Louise Goldsmith said she was ‘devastated’ by calls for her to resign as leader of West Sussex County Council.
The calls came after a disastrous Ofsted report rated the county’s children’s services inadequate.
Despite harsh words and opposition from some of her own party, Tory Mrs Goldsmith survived the challenge to her leadership abilities at a meeting of the full council today (Friday June 7).
Fighting back tears after the meeting, she said that she did not know the ‘no confidence’ call would be tabled but admitted it was not ‘too surprising’.
She said: “It is what it is. You stand as leader and sometimes you’re in the sun and it’s lovely but sometimes it’s just horrible.”
Among the Tories who added their voices to the calls for her to resign were Andrew Lea, Heidi Brunsdon and Andrew Baldwin.
When asked about their views, Mrs Goldsmith was tight-lipped.
She said: “There were a few who made some comments and I’m not going to comment about what happens internally within my party.

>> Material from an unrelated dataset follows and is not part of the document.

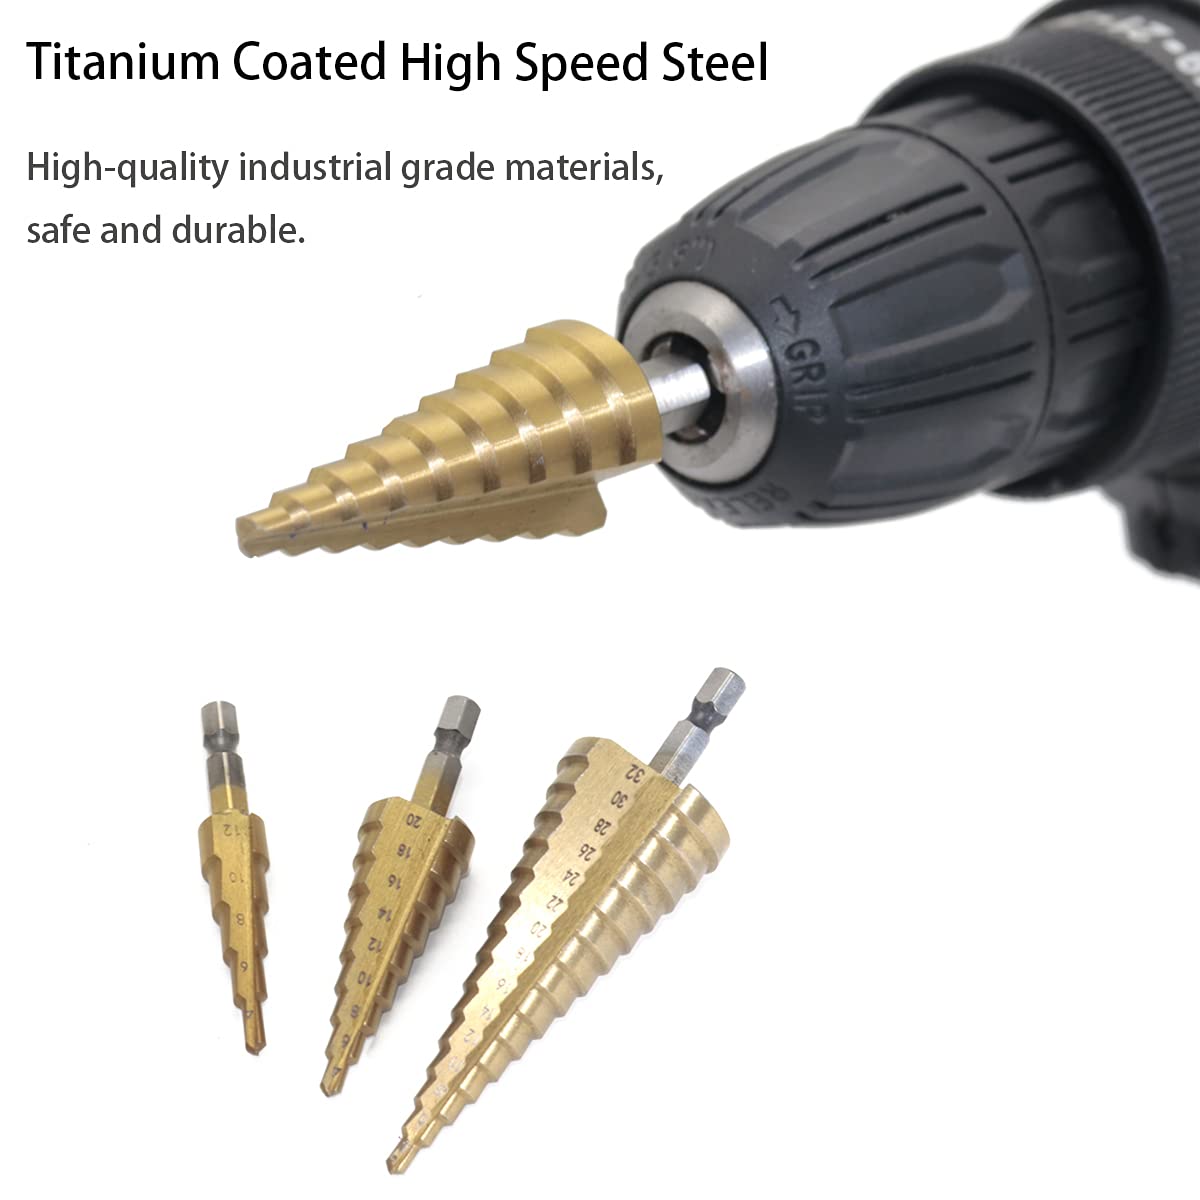 3 Pcs Cone Drill Bits for Metal Wood Plastic High Speed Steel Titanium Coated Metric Step Drill Bit Set (4-12mm, 4-20mm, 4-32mm)

“In the end we have freedom to speak and if they chose to speak that’s their option.”
She was critical of the debate held during the meeting saying it was more about politics and not enough about the children in the council’s care.
There are 727 such children.
Mrs Goldsmith was also confident that she had the support of most of her party, describing some of the things said to her when the meeting broke for lunch as ‘heart-warming’.
She added: “I know that people really felt quite strongly about today and wanted to tell me how much they supported me and appreciated the work that I’ve done and how much they were behind me.”
The council must now work with a government commissioner to bring children’s services up to scratch – and if he or she is unimpressed with the efforts made, control of the services could be taken out of the council’s hands.
Mrs Goldsmith said work had already started apace and was accelerating.
She added: “It is going to be a very, very arduous, tough journey but I think we can do this, I really do.
“The best thing will be when we come out of it, and that’s what we’ve got to work towards.
“We’ve got to think about that child that’s coming into care today, the child that’s coming into care tomorrow, that they have the best experience that we can provide and not a lottery.
“That’s what I’m going to be focusing on.
“People can say what they want. Everybody has to get behind this and make the voice of the child and experience of the child their number one priority.
“Because it hasn’t happened, it just hasn’t happened, and that’s part of it. When you’re silent things happen and that’s exactly what’s happened.
“I can’t tell you how devastated I am about this, I’m equally determined to sort it out.”